# LF : Escondido and Green Texas Cichlid different ?



## pisces (Apr 22, 2010)

makes me confuse. what different from *Escondido* and* Green Texas* Cichlid ?
i search from Google Image they almost look like same! i only know Escondido usually more bright Green colour and the pearl is bigger then green texas! 
and Escondido is not too aggressive then Green texas, is that right ?
*from the first pic i know it is Escondido , but on the 2 pic and 3 pic is they are same green texas cichlid ??*[ 
*where i can get Escondido in here? i interest female ! anyone know ?*
Escondido









Green texas 









*► i like this type big pearl , is that one is Green Texas or  Escondido ? i like they have bigger Pearl and all the body even the head have it! anyone know about it ? *


----------



## skrick (Apr 25, 2010)

Under the jaw Escondido have a black stripe under the chin and they are a bluer color I had and Escondido and green Texas noticeable difference to me


----------



## skrick (Apr 25, 2010)

I traded in a Escondido cross red mammon in at Rogers aquatic it is still there you should check it out beauty of a fish


----------



## `GhostDogg´ (Apr 22, 2010)

H. carpintis = (Green Texas Cichlid/Pearlscale Cichlid)
Species Profiles -- Cichlid-Forum

H. cyanoguttatus = (Texas Cichlid)
Species Profiles -- Cichlid-Forum
These guys can grow a Kok sometimes.

I got my Green texas from IPU, you should PM Grant/Rastapus to see if he has any.

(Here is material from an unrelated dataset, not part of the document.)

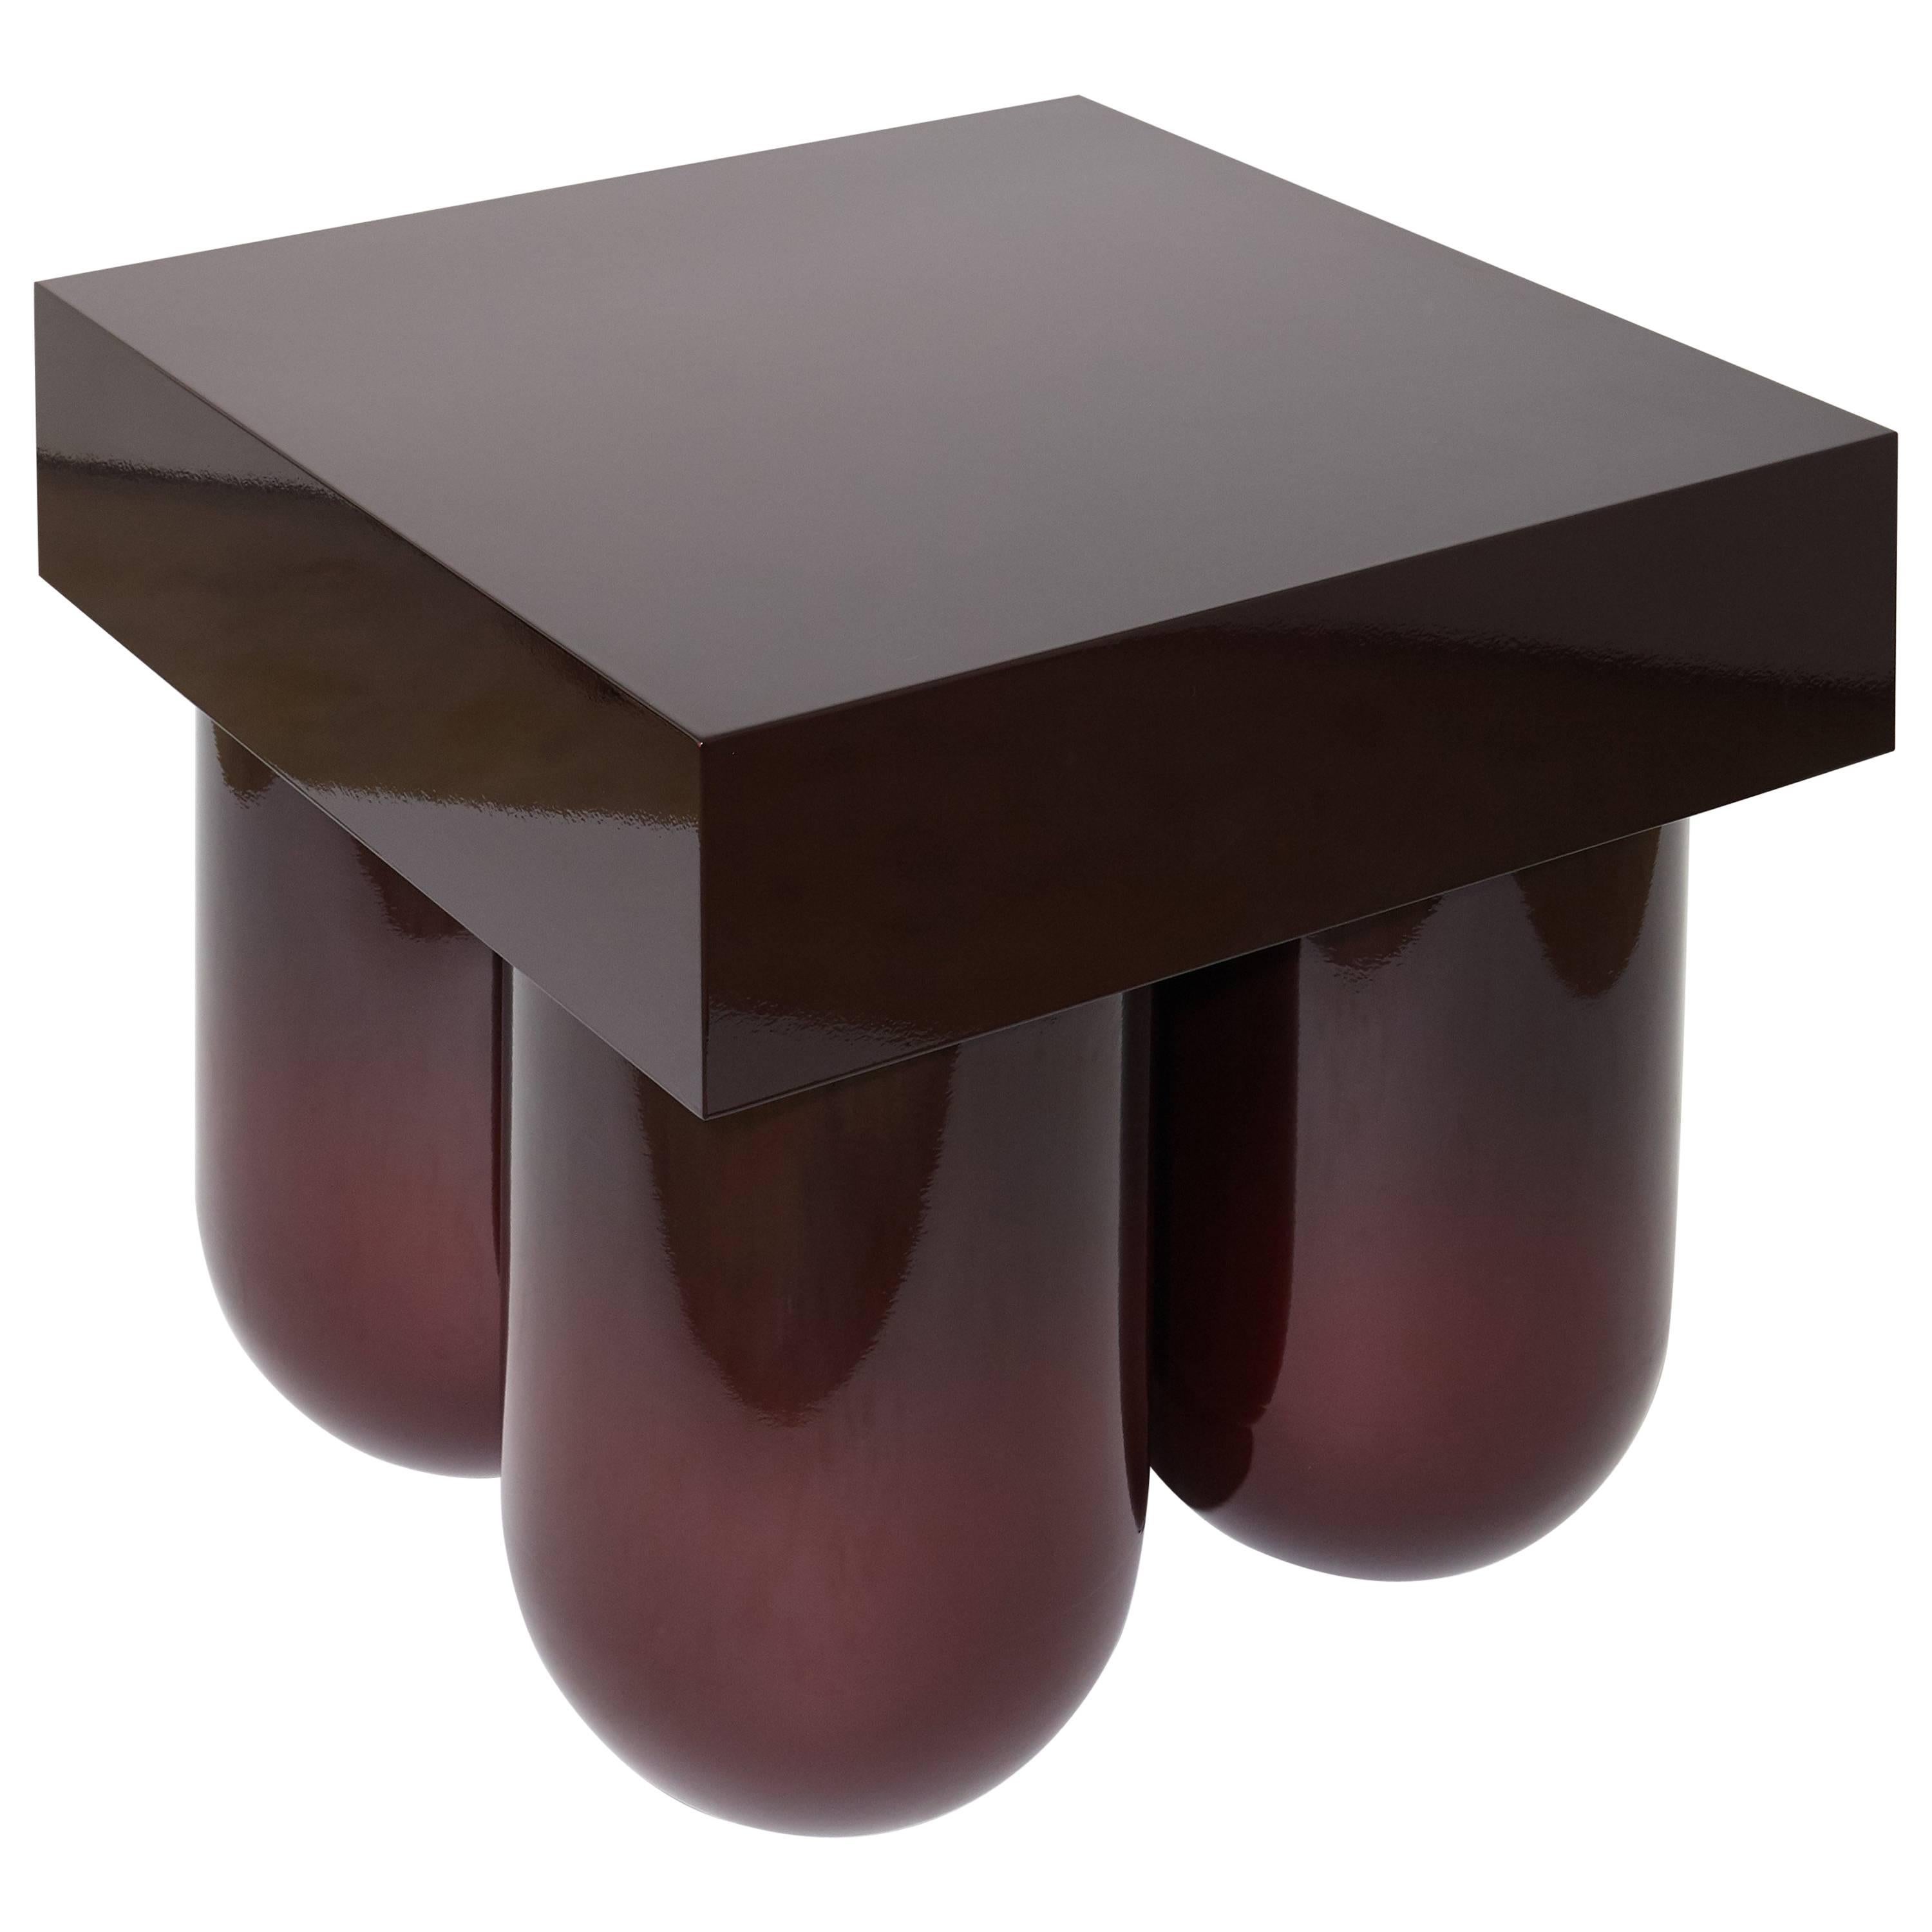 Tubular Legged Cocktail or Side Table in Carved Wood and Customizable Lacquer

I'm guessing you want to try to breed Red Texas. :bigsmile:
I'd use H. cyanoguttatus = (Texas Cichlid) male & a King Kong or Mammon Parrot female.
It takes a lot of work to get them red, as you know with your FH.

I used Green Texas since it's easier to find, & they have larger pearls.

I have RT fry, but they're only showing very little pink.
I have a few in with my new RD while he grows out.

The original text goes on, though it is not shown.